A special task force (STF) of Odisha police on Thursday said it has arrested three people who operated the racket that centred on convincing poor tribals and villagers to open bank accounts. They were paid about ₹2,000 for each bank account. They have been identified by the police as S K Jamaluddin and S K Jahangir of West Medinipur district of West Bengal and Sk Hapizul of Balasore in Odisha. In all, the suspects had received as much as ₹10 crore from scammers for the mule bank accounts which were sold to them for about ₹15,000-20,000, police said.

The racket was busted following raids conducted by the team on a tip. The police claimed to have seized various incriminating materials such as mobile phones, pre-activated SIM cards, bank passbooks, Aadhaar cards etc were seized from their possession.
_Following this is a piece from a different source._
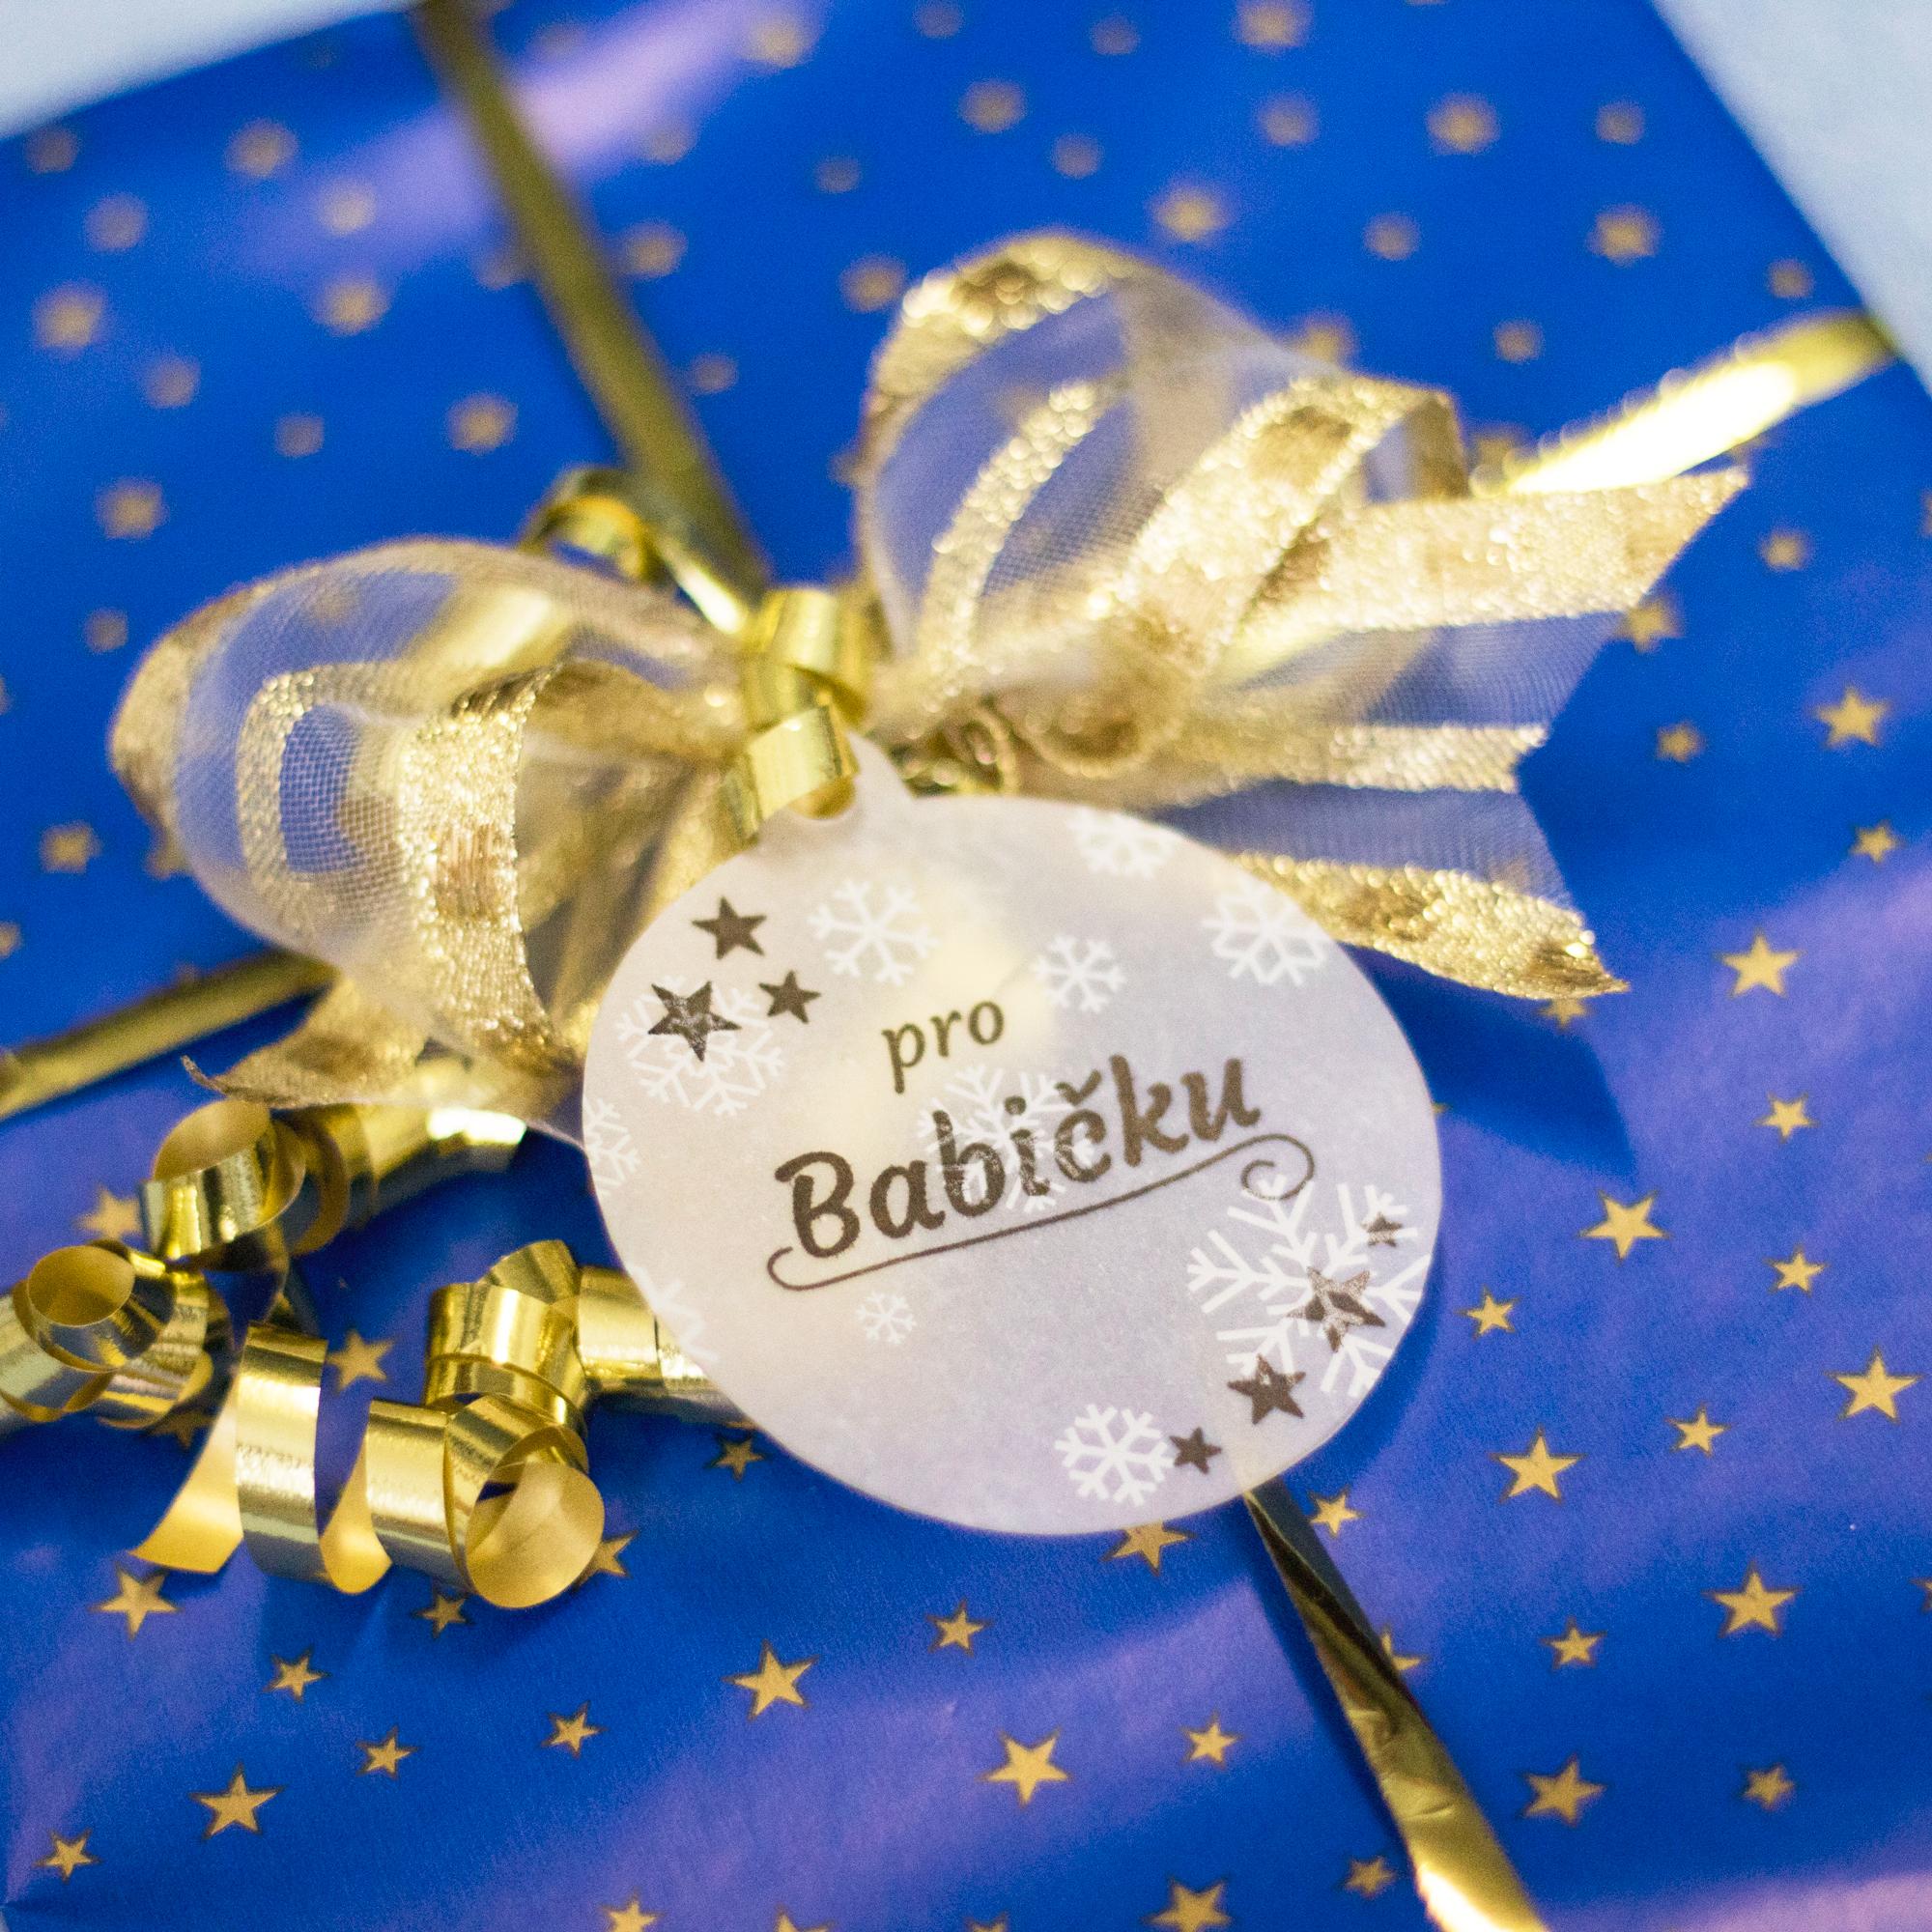 Vánoční jmenovky ve tvaru baňky - Vyrobte si sami

Mule bank accounts are controlled by fraudsters instead of their legitimate holders and are usually sourced from people who sell their own bank accounts for a fee. The group was particularly active in the districts of Balasore, Mayurbhanj, East Midnapore, West Midnapore, East Singhbhum and West Singhbhum.

Police further said that these mule bank accounts are used by fraudsters to receive the money before it is transferred into a crypto currency wallet, making it difficult for investigators to track the money. “Money mules, just like fraudsters, are guilty of illegally transferring fraudulently gained money and can be prosecuted,” a top official said.

The mobile phone number linked to a bank account is supplied by the gang or its intermediaries at the time of opening of account and is also transferred along with the account details. The gang sold these bank accounts along with the connected mobile numbers to various cyber, cyber-financial, extortion scammers and other criminals based in Kolkata and other parts of India.

Jamiruddin employed 10-15 people for ₹15,000 per month to open mule bank accounts. “We are trying to find out as to how the accused managed to contact so many cyber fraudsters in different states,” a police officer said.